Navajit S. Baban, Ajymurat Orozaliev, Christopher J. Stubbs, Yong Ak Song

Research output: Contribution to journalArticlepeer-review


Biological soft interfaces often exhibit complex microscale interlocking geometries to ensure sturdy and flexible connections. If needed, the interlocking can rapidly be released on demand leading to an abrupt decrease of interfacial adhesion. Here, inspired by lizard tail autotomy where such apparently tunable interfacial fracture behavior can be observed, we hypothesized an interlocking mechanism between the tail and body based on the muscle-actuated mushroom-shaped microinterlocks along the fracture planes. To mimic the fracture behavior of the lizard tail, we developed a soft bilayer patch that consisted of a dense array of soft hemispherical microstructures in the upper layer acting as mechanical interlocks with the counter body part. The bottom control layer contained a microchannel that allowed to deflect the upper layer when applying the negative pressure, thus mimicking muscle contraction.
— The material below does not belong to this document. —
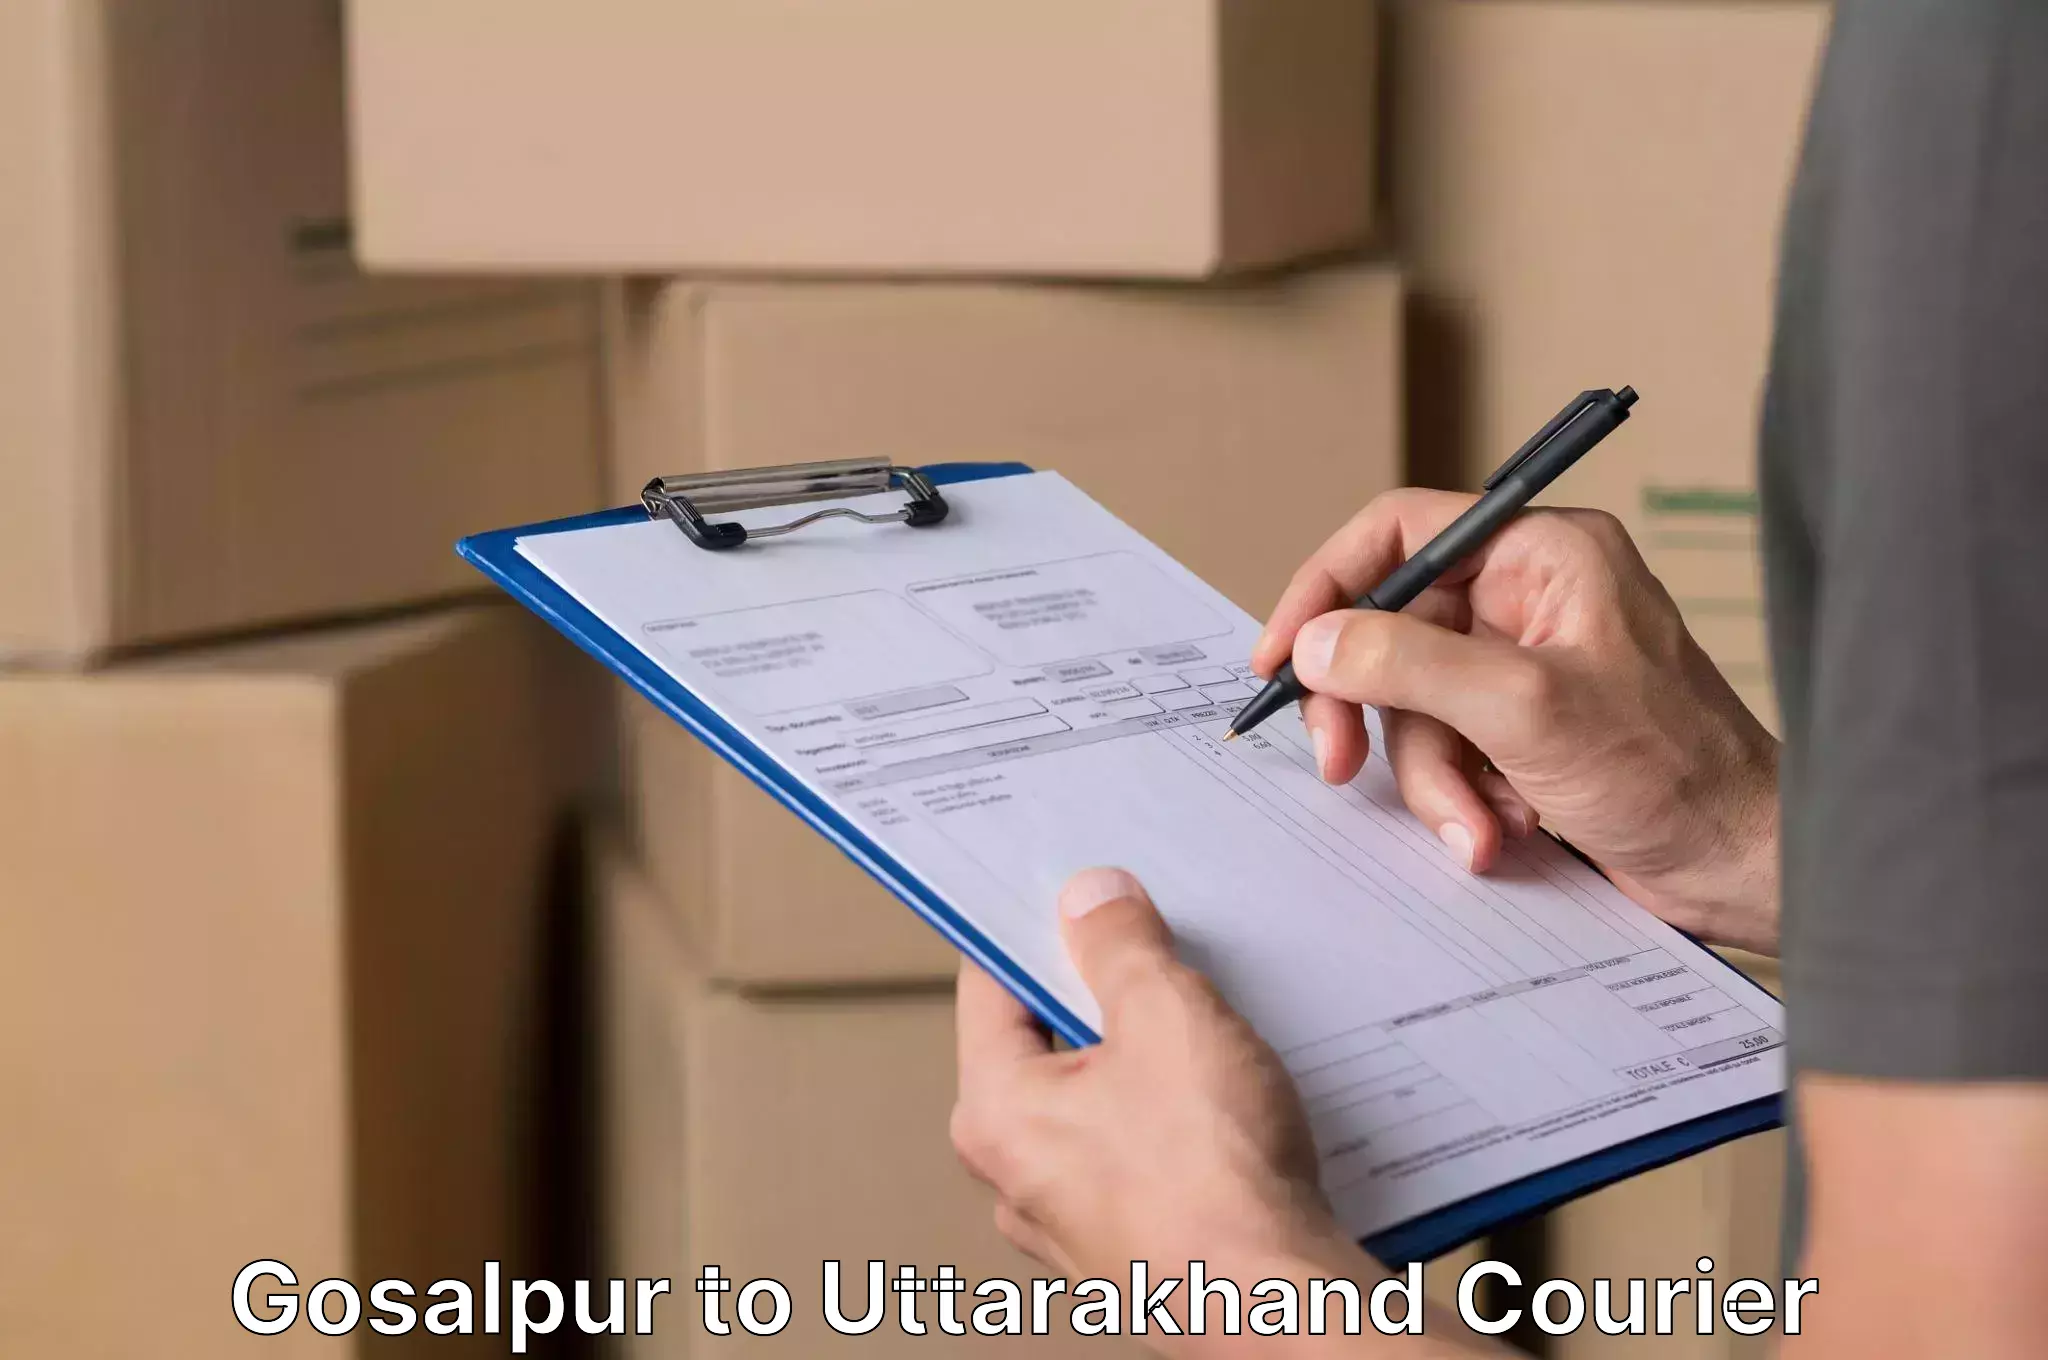 Furniture logistics Gosalpur to Uttarakhand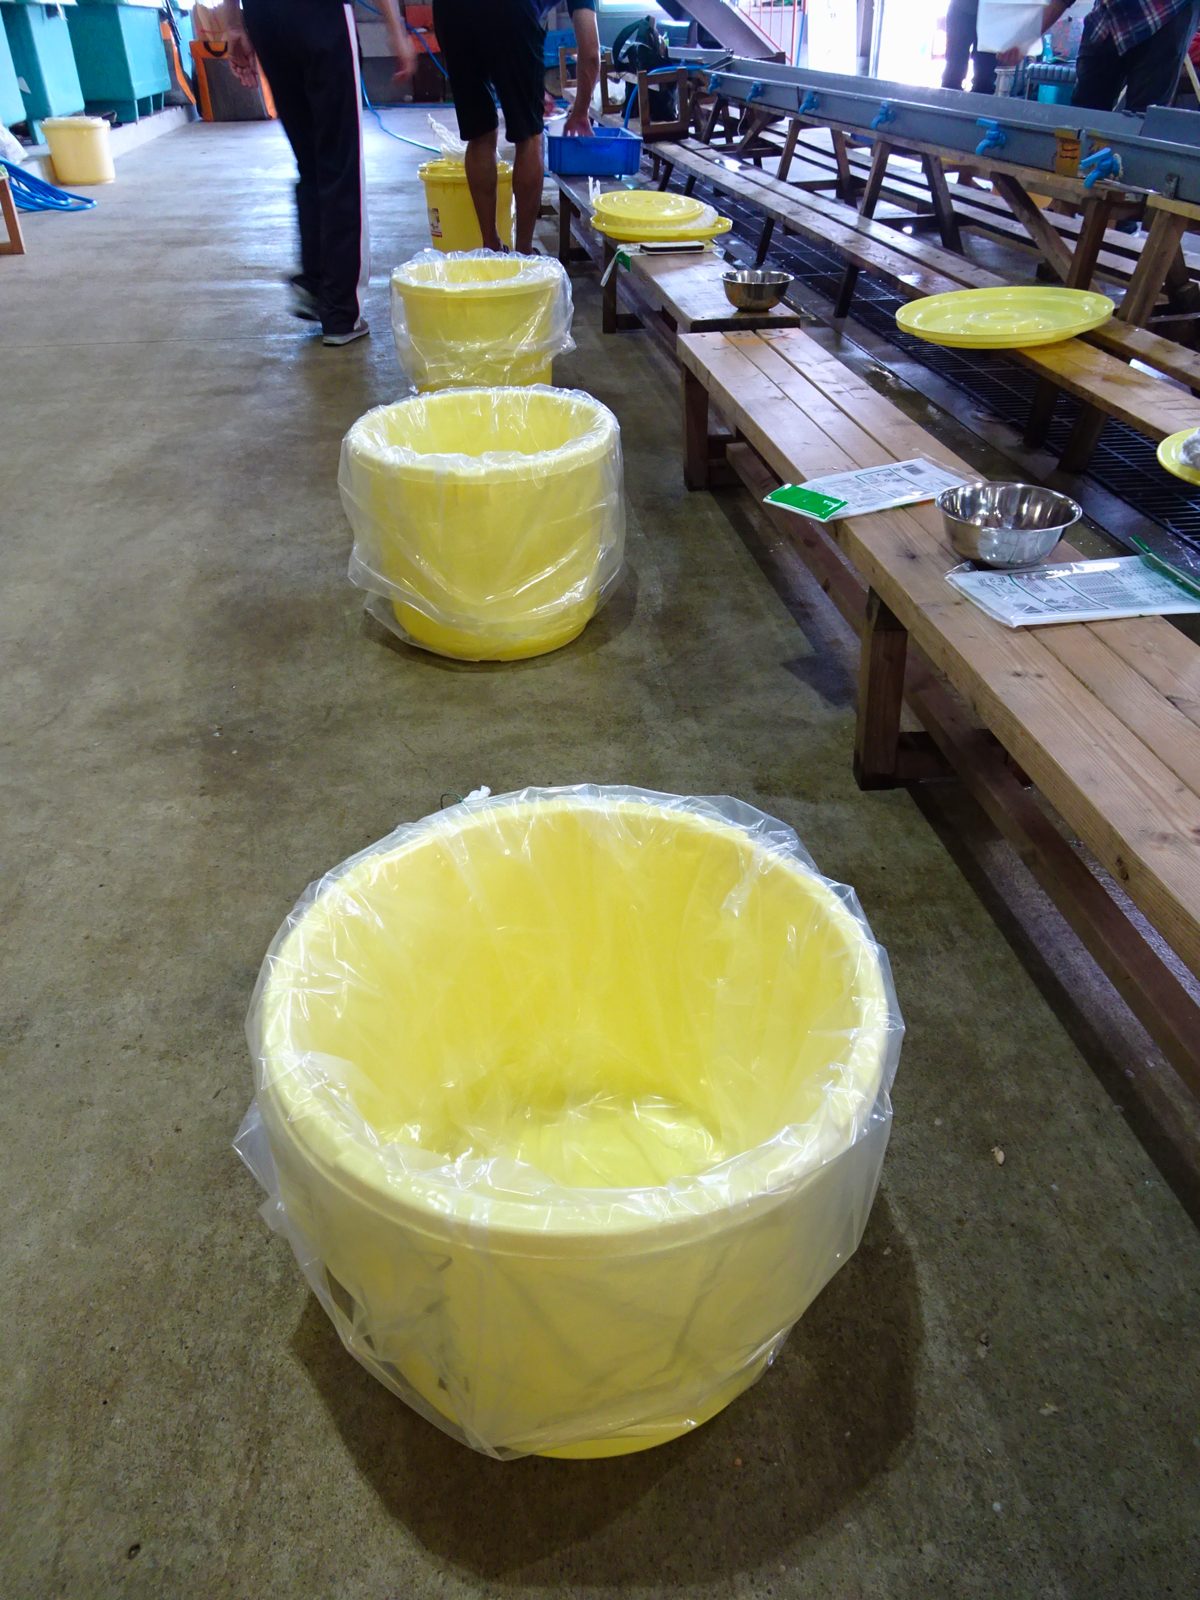 プラスチックの黄色い漬物樽に大きなビニール袋を2重にして入れられているモノが3個並んでいる。

In the microinterlocked condition, the biomimetic tail demonstrated a 2.7-fold and a three-fold increase in adhesion strength and toughness, respectively, compared to the pneumatically released microinterlocks. Furthermore, as per the computational analysis, the subsurface microchannel in the control layer enabled augmented adhesion by rendering the interface more compliant as a dissipative matrix, decreasing contact opening and strain energy dissipation by 50%. The contrasting features between the microinterlocked and released cases demonstrated a highly tunable adhesion of our biomimetic soft patch. The potential applications of our study are expected in soft robotics and prosthetics.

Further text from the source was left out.